Forward model: torch.Size([128, 128]) -> torch.Size([8, 9472])
Data SNR estimate: 152.2 dB
Iterative Reconstruction
# Combine all operators: A = density_comp @ nufft @ coil_sens
A = (density_op ** (1 / 2)) @ nufft_op @ coil_op
# Normalize for numerical purposes
_, eigenval = power_method(A.N, torch.ones_like(x_true), tqdm_kwargs=dict(leave=False))
A = ((1 / (1.01 * eigenval)) ** 0.5) * A
# Apply density compensation to y
y = (density_op ** (1 / 2))(kspace_noisy)
# Compute RHS: A^H y
rhs = A.H(y)
rhs = rhs / torch.linalg.vector_norm(rhs)

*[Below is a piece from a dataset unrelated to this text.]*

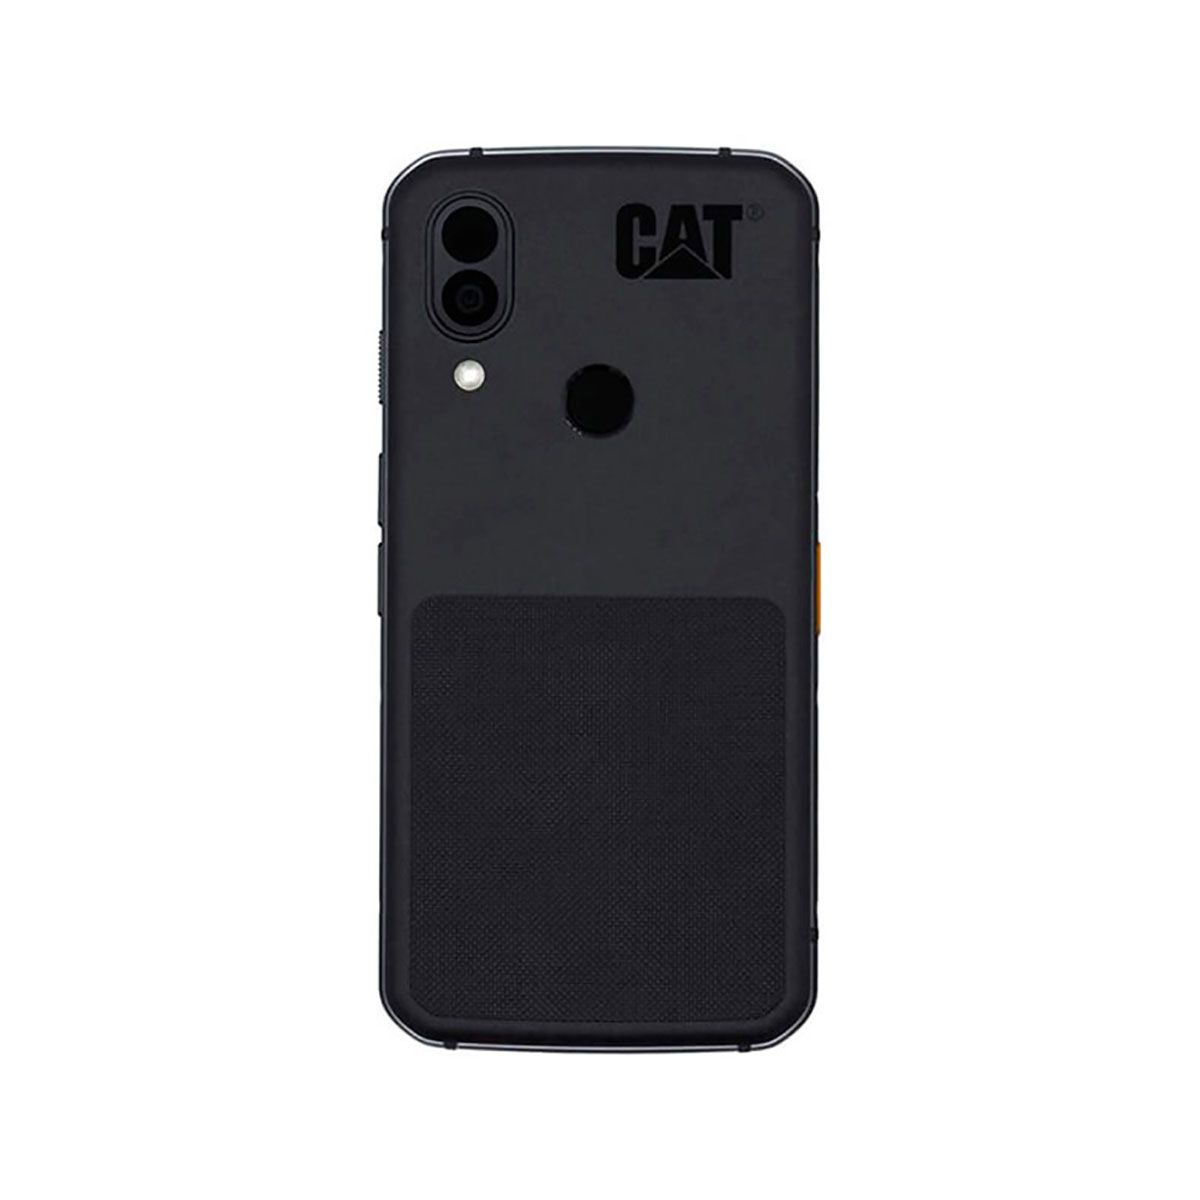 Caterpilar CAT S62 Pro 6 Go/128 Go Noir (Noir) Double SIM

plt.figure(figsize=(4, 4))
plt.imshow(torch.abs(rhs).cpu())
plt.title("adjoint reconstruction")
plt.show()
# Solve A^H A x = A^H y using conjugate gradients
# Note: A_normal is a NamedLinop which is callable, so we can pass it directly
x_recon = conjugate_gradients(
A=A.N, y=rhs, max_num_iters=50, gtol=1e-4, tqdm_kwargs=dict(leave=False)
)
# Rescale recon to scale of x_true
if x_recon is not None:
x_recon = x_recon * torch.max(x_true.abs()) / torch.max(x_recon.abs())
else:
print(f"Reconstruction diverged.")
sys.exit()
print(f"Reconstruction shape: {x_recon.shape}")
print(f"Ground truth shape: {x_true.shape}")

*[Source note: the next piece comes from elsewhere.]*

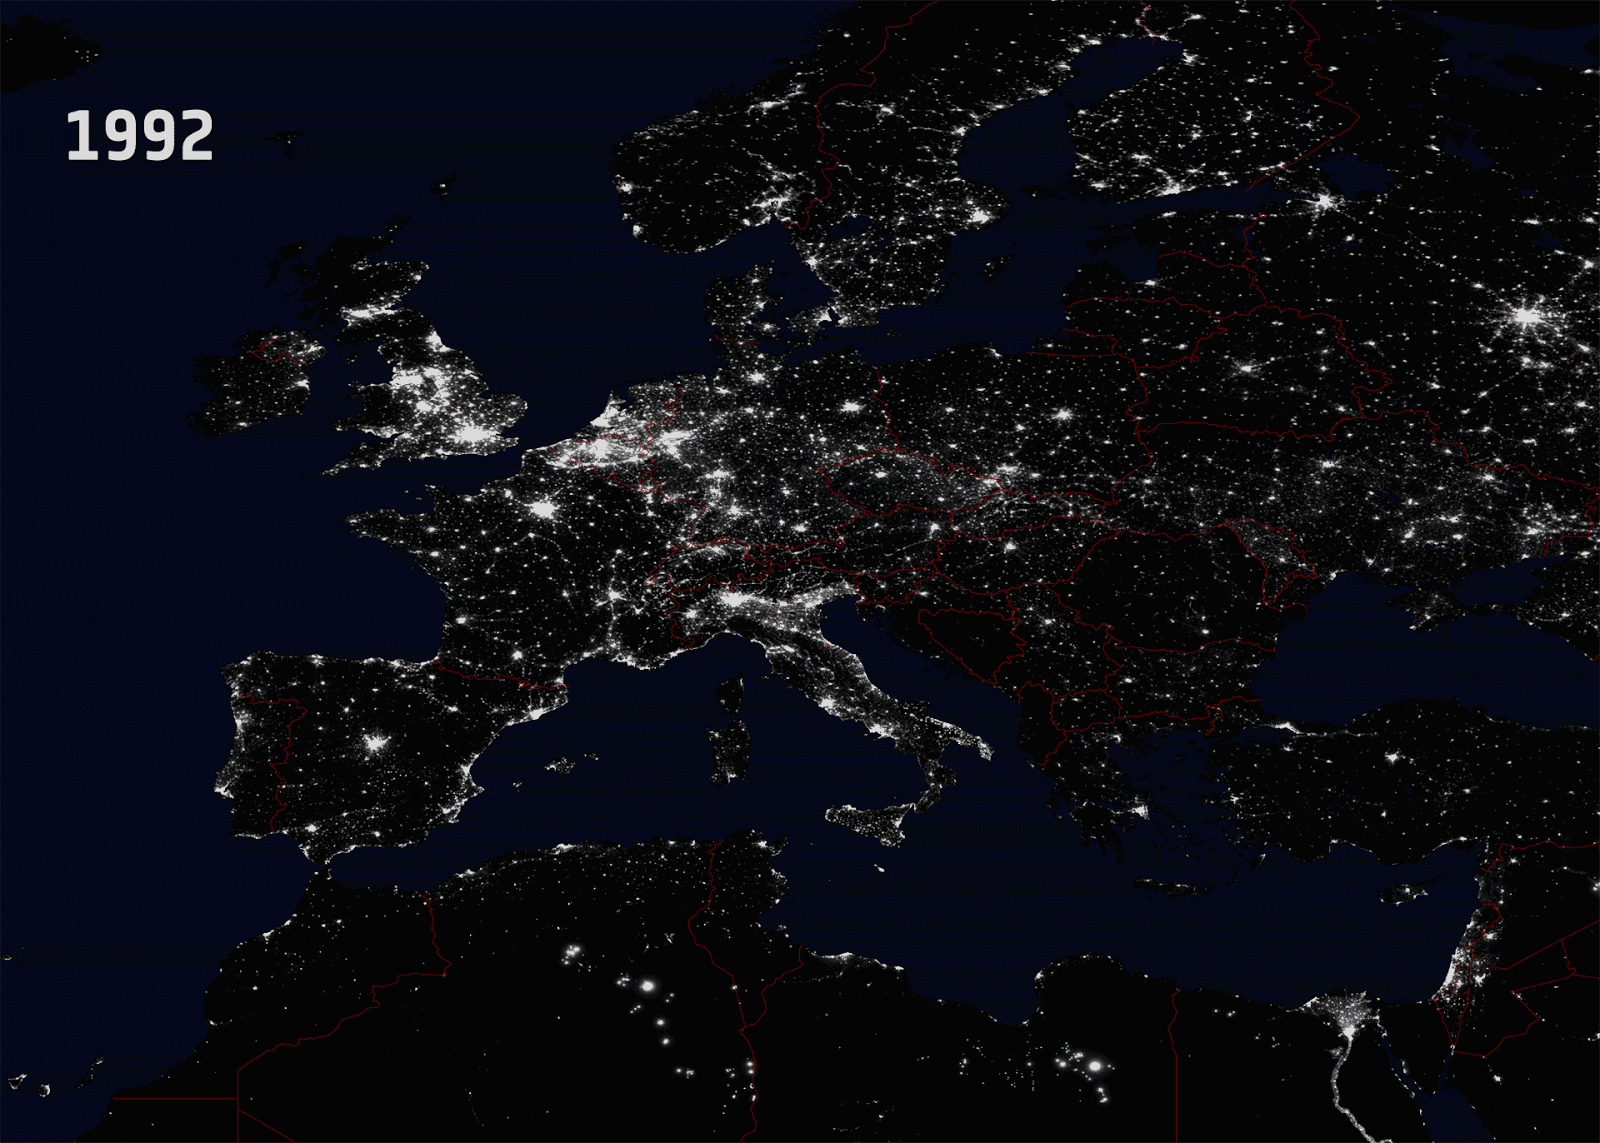 Evolution de la pollution lumineuse en Europe de 1992 à 2010

# Compute reconstruction error
recon_error = torch.norm(x_recon - x_true) / torch.norm(x_true)
print(f"Relative reconstruction error: {recon_error:.4f}")
# Visualize Reconstruction
plt.figure(figsize=(15, 5))
# Ground Truth
plt.subplot(1, 3, 1)
plt.imshow(torch.abs(x_true), cmap="gray", vmin=0, vmax=1)
plt.title("Ground Truth")
plt.axis("off")
# Reconstruction
plt.subplot(1, 3, 2)
plt.imshow(torch.abs(x_recon), cmap="gray", vmin=0, vmax=1)
plt.title(f"Reconstruction\n(Error: {recon_error:.4f})")
plt.axis("off")
# Error Map
plt.subplot(1, 3, 3)
error_map = torch.abs(x_true - x_recon)
plt.imshow(error_map, cmap="inferno")
plt.title("Error Map (|x_true - x_recon|)")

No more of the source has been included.